Первая часть задела ее больше всего, потому что это была неправда, но она понимала, что Рори ревнует ее к отцу.
– Это не так, – ответила она.
Когда она рассказала об этом Лайле, сестра сказала ей, чтобы она не обращала внимания на Рори. Ему было горько, потому что он был маминым любимчиком, а теперь ее не стало.
Она заметила, как именно Лайла это сказала.
– А чья ты любимица? – спросила она Лайлу, заплетавшую косу.
– Ничья, – ответила Лайла после минутного раздумья.
– Тогда ты будешь моей любимицей. А Хетти может быть твоей, а Гарет – любимцем Хетти, так что все будет по справедливости.
Она испытала радость, приняв это решение. Это напомнило ей весы, которыми пользовался секретарь хозяина в день сбора податей, только она представляла себе не две чаши, а пять. Лайла, Рори, Хетти, Гарет и она. Все они представляли идеальный баланс вместе с тем, кто любит их.
– Ах ты глупышка, – сказала Лиля с улыбкой в голосе и перевязала косу. – Ты не можешь сделать так, чтобы все было по справедливости.

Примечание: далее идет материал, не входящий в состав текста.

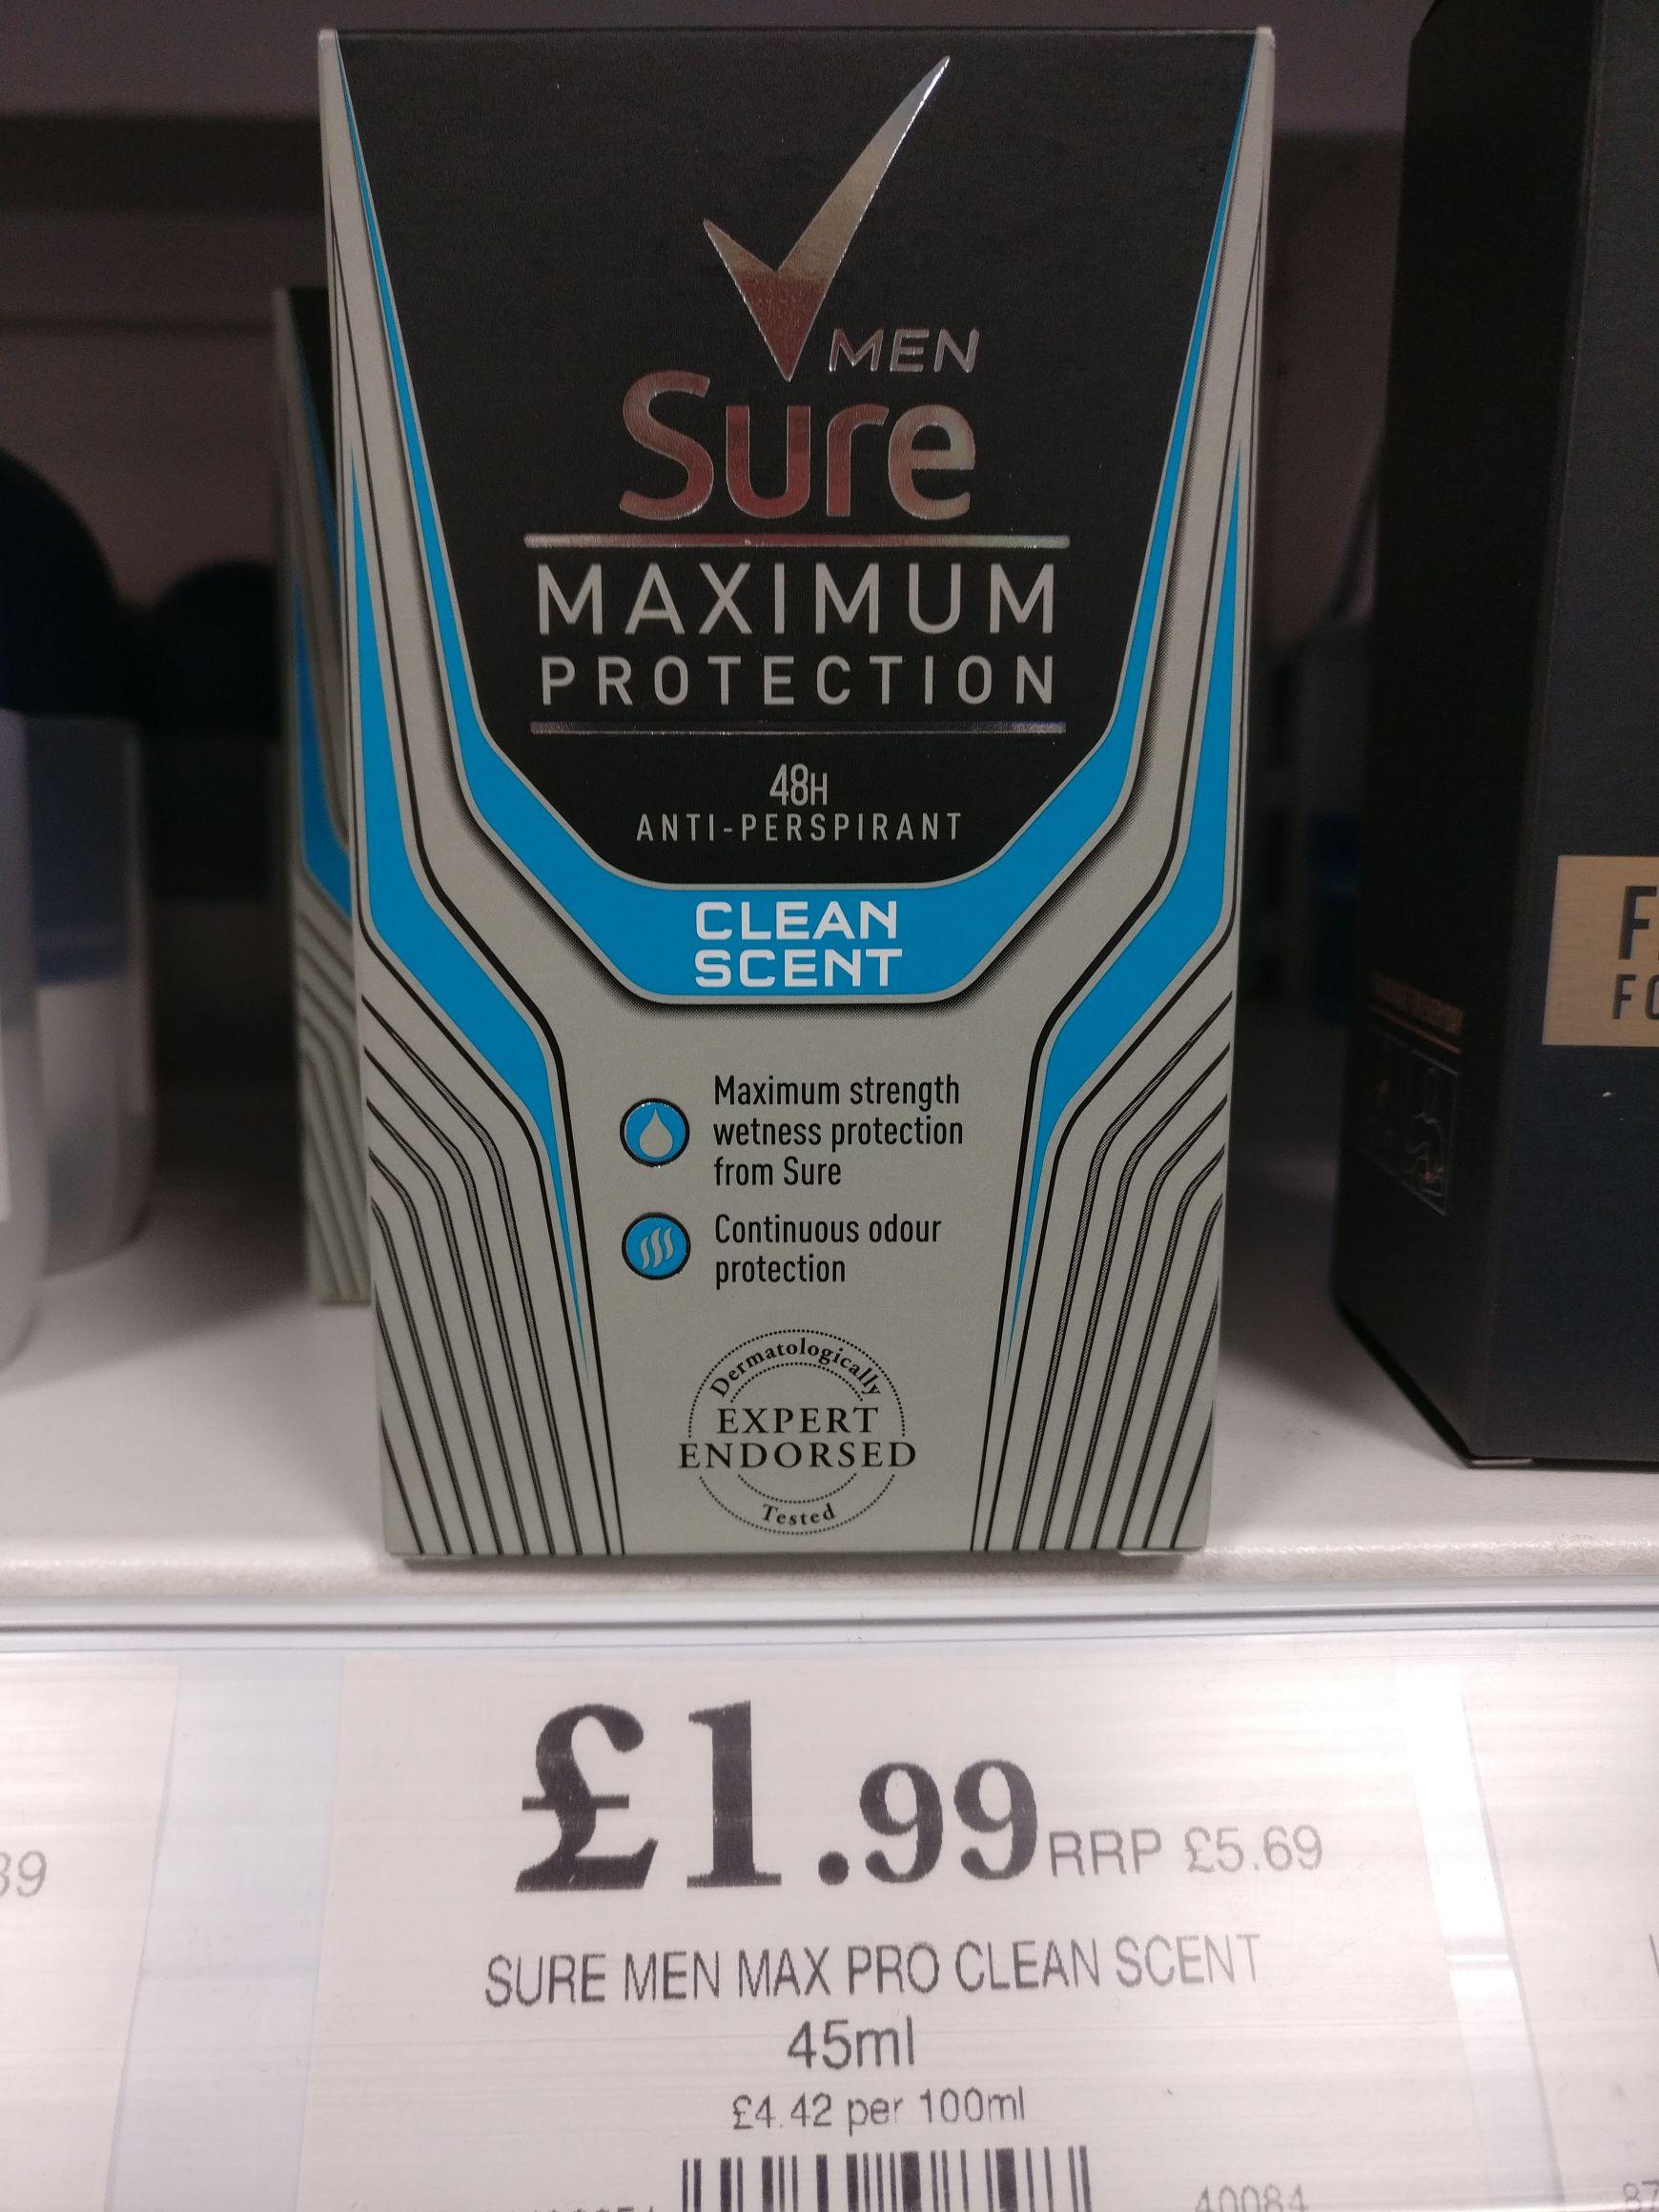 Deodorant discount offer

Приближался день сбора податей. Погреба были вырыты, заполнены припасами и спрятаны. Мужчины спорили о том, сколько можно отложить и безопасно припрятать. Погреб папы оказался самым большим из всех, и он поклялся на могиле своей жены, что ни один его ребенок не будет голодать этой зимой. Мальчики упражнялись в поклонах, девочки – в реверансах, а папа на всякий случай проверял, хорошо ли они знают Мольбы наизусть. Раньше этим занималась мама, и папе это очень не нравилось. В этом году эта обязанность перешла к нему, и он заставлял детей зубрить Мольбы до тех пор, пока дети не выучили все строчки наизусть. Мама всегда уверяла их, что эти знания никогда не понадобятся, но папа не дал им такого обещания. Вместо этого он добавил свои собственные детали к этому уроку:
– Они смотрят, как мы преклоняем колени, видят наши затылки и думают, что мы сдались. Они не понимают, что на коленях можно думать так же ясно, как и стоя с поднятой головой.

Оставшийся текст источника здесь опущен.